__INSTRUCTIONS TO FOLLOW__. Locate the line containing "War thunder 2013 gameplay" in the material below. Copy that line and all following lines through the end exactly, omitting any pictures.

__INFORMATION SUPPLIED__.
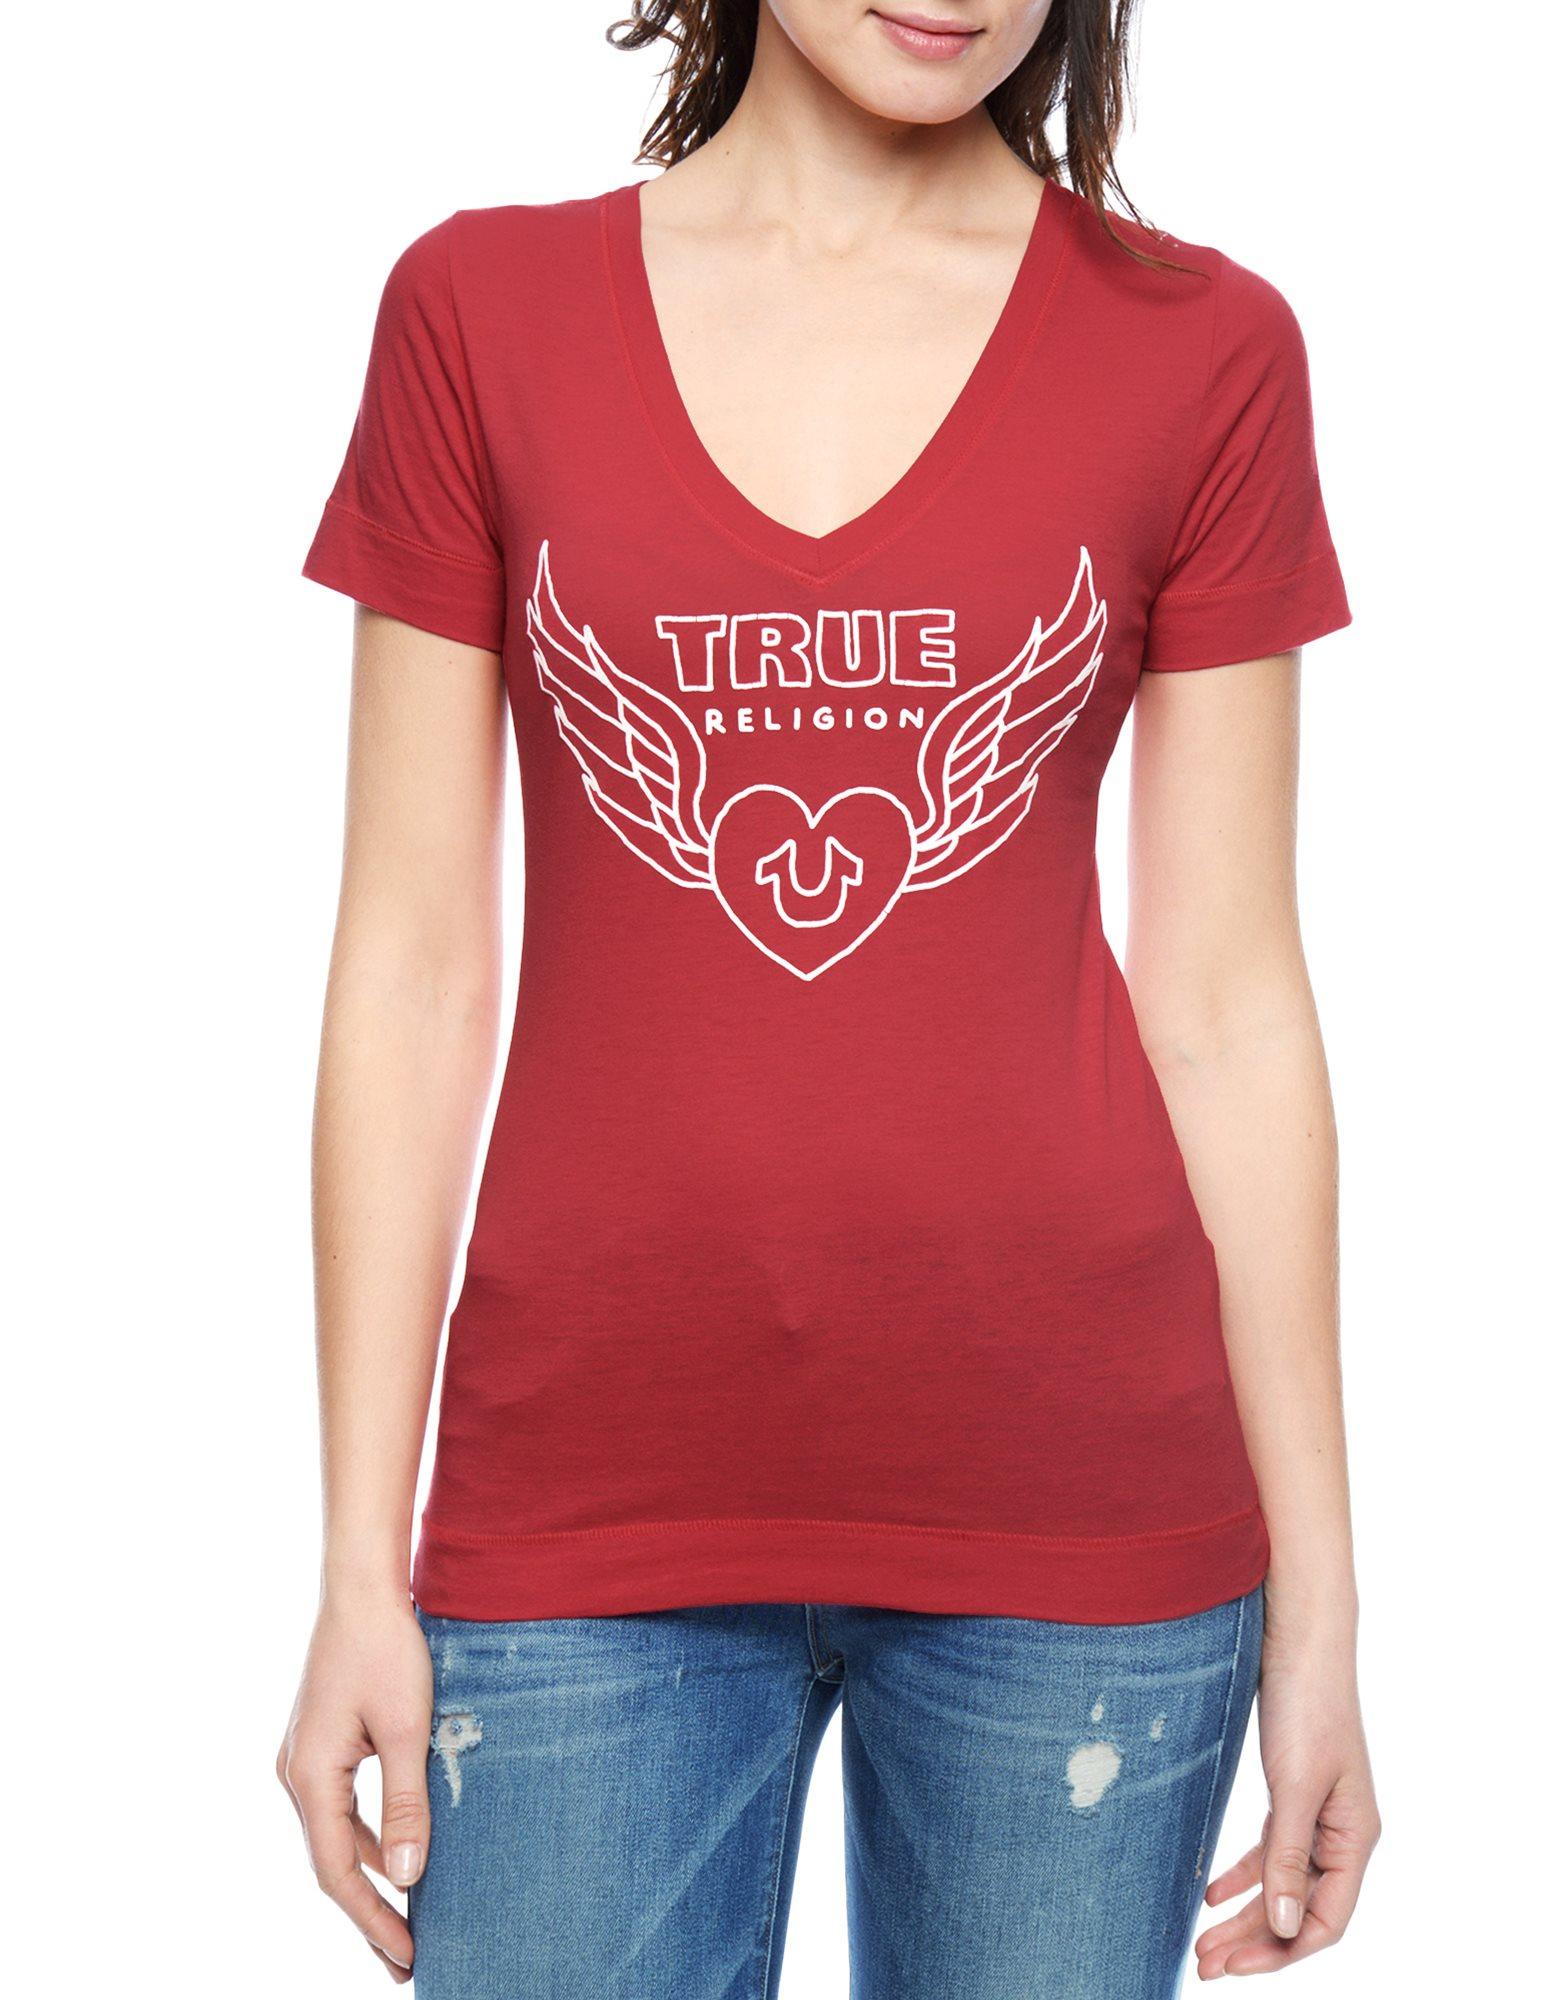 true religion heart slim womens t shirt in red lyst. Black Bedroom Furniture Sets. Home Design Ideas
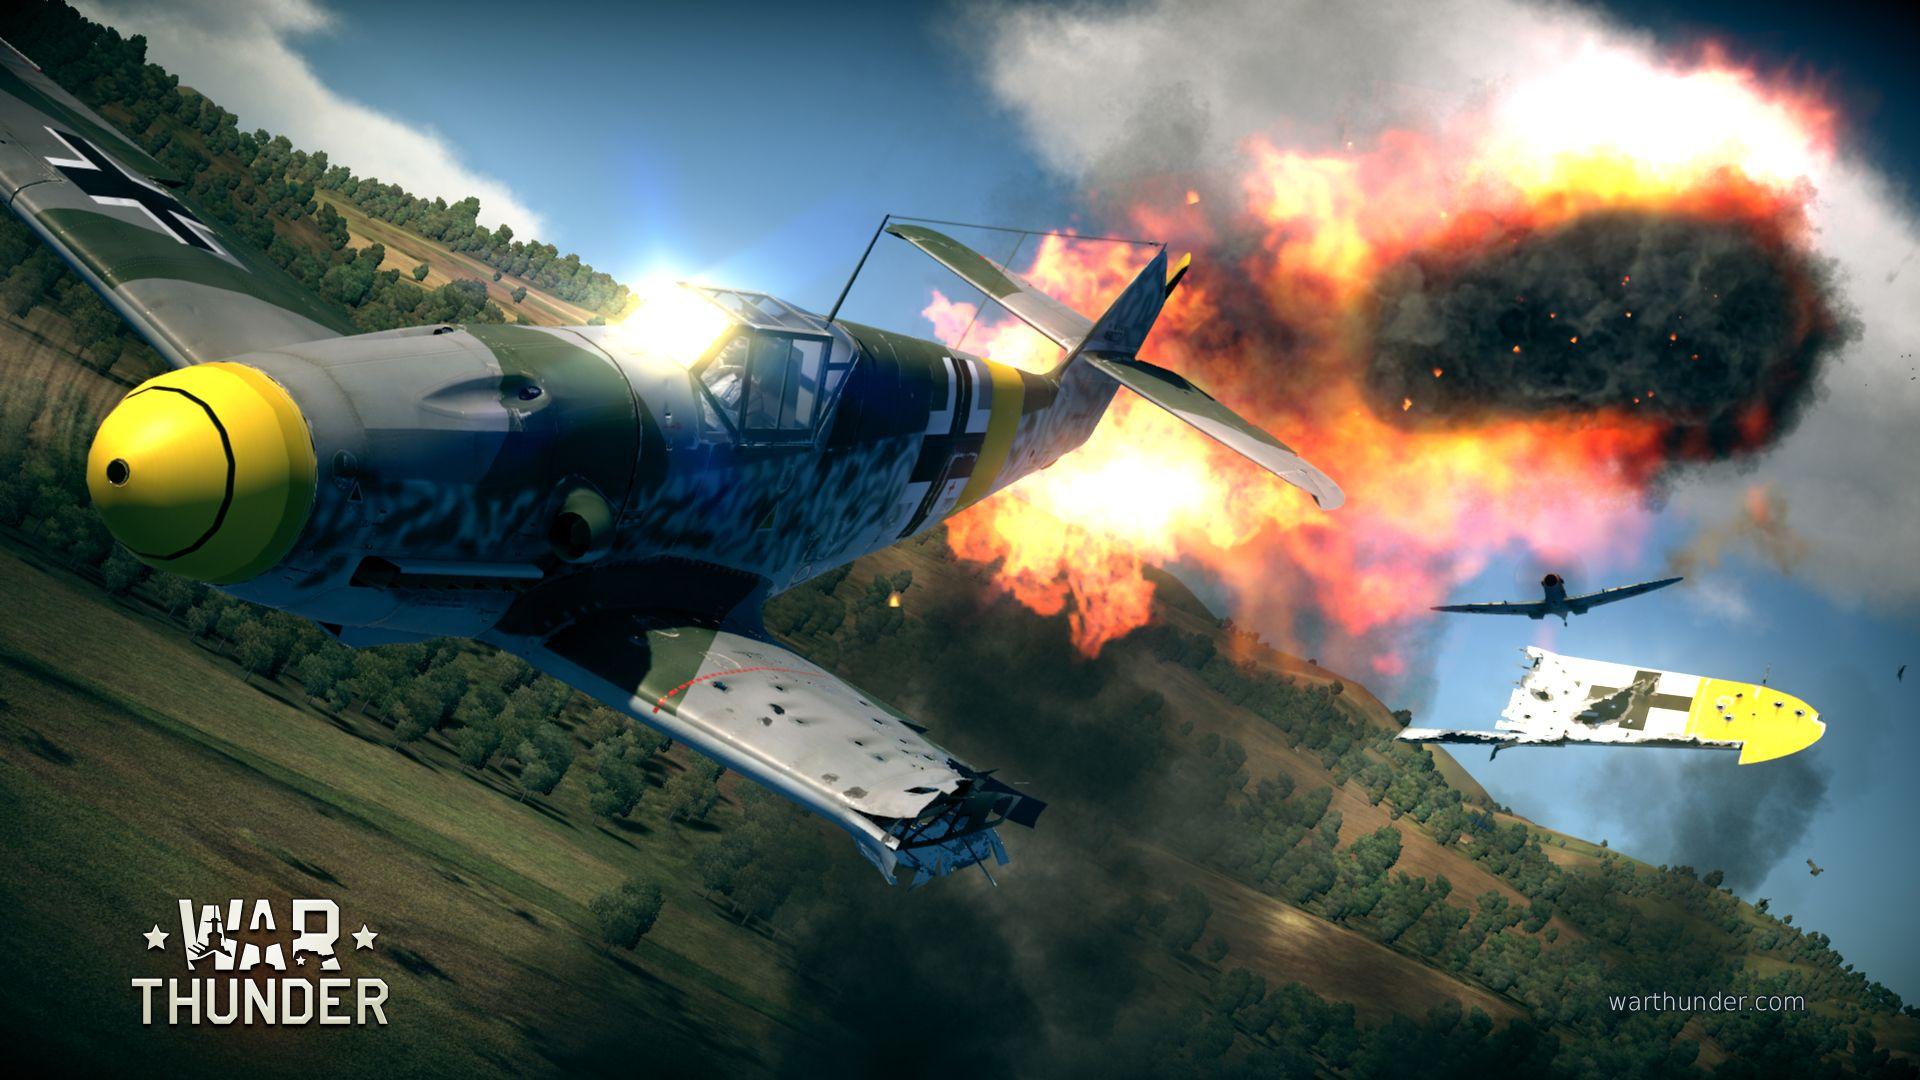 War thunder 2013 gameplay
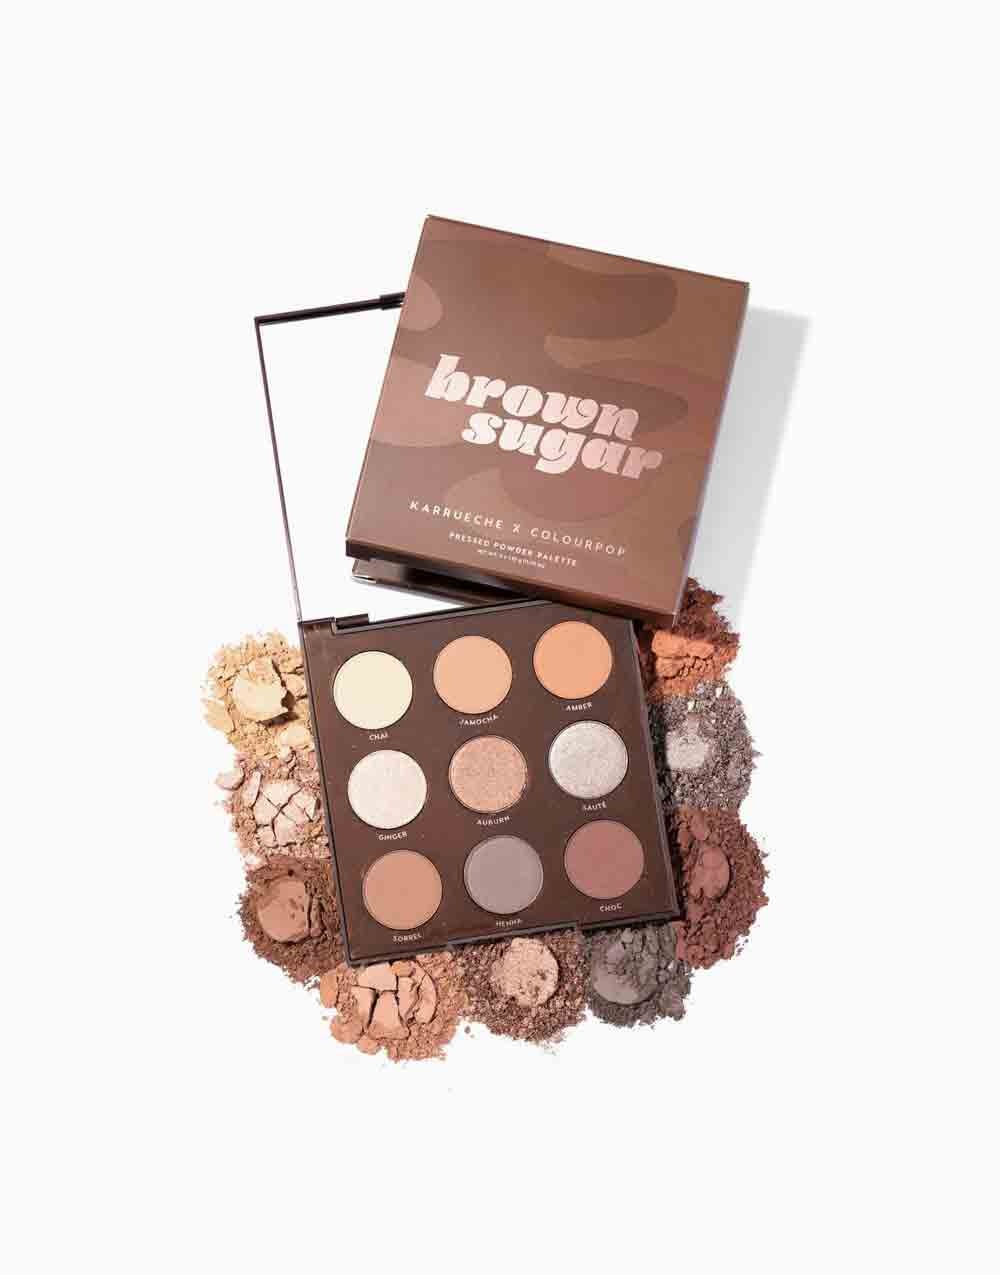 Brown Sugar Pressed Powder Shadow Palette by ColourPop
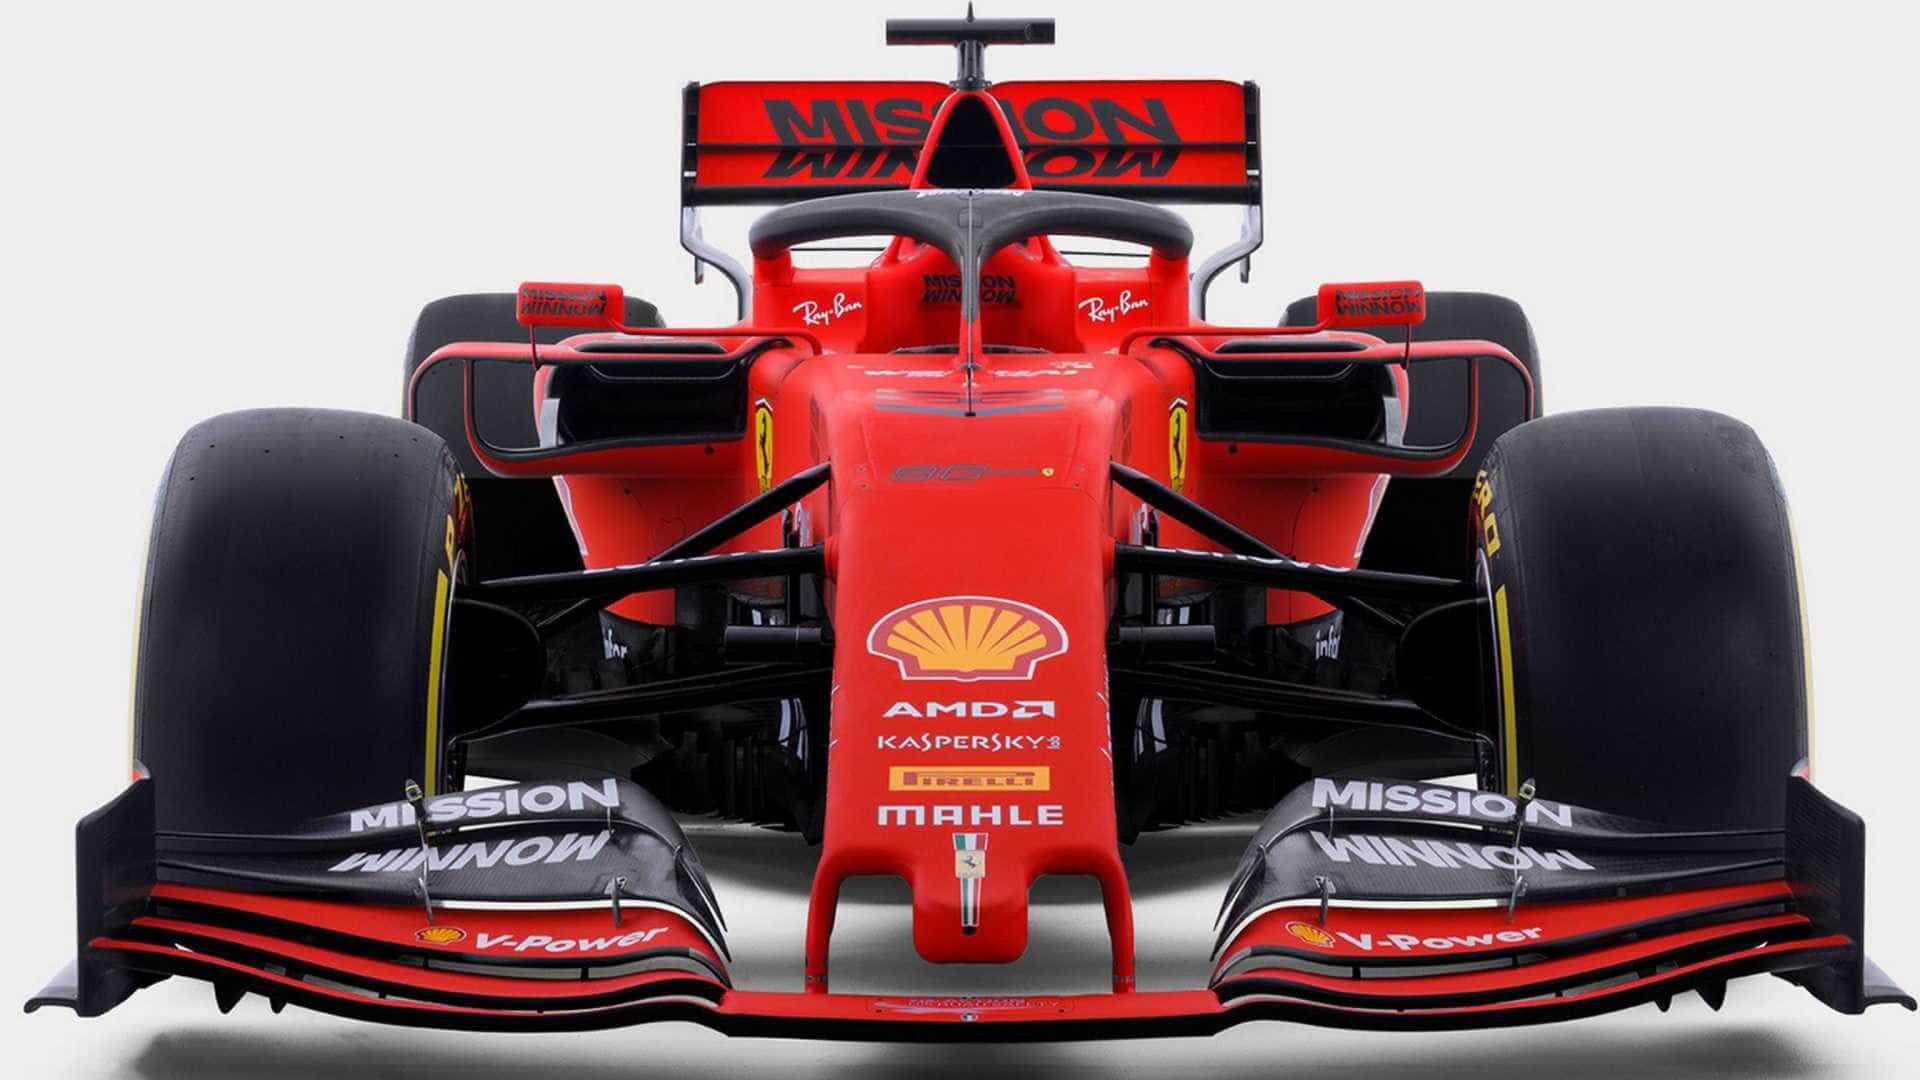 Com esperança superar a Mercedes, Ferrari apresenta carro para 2019

__WRITTEN ANSWER__.
 War thunder 2013 gameplay
 Brown Sugar Pressed Powder Shadow Palette by ColourPop
 Com esperança superar a Mercedes, Ferrari apresenta carro para 2019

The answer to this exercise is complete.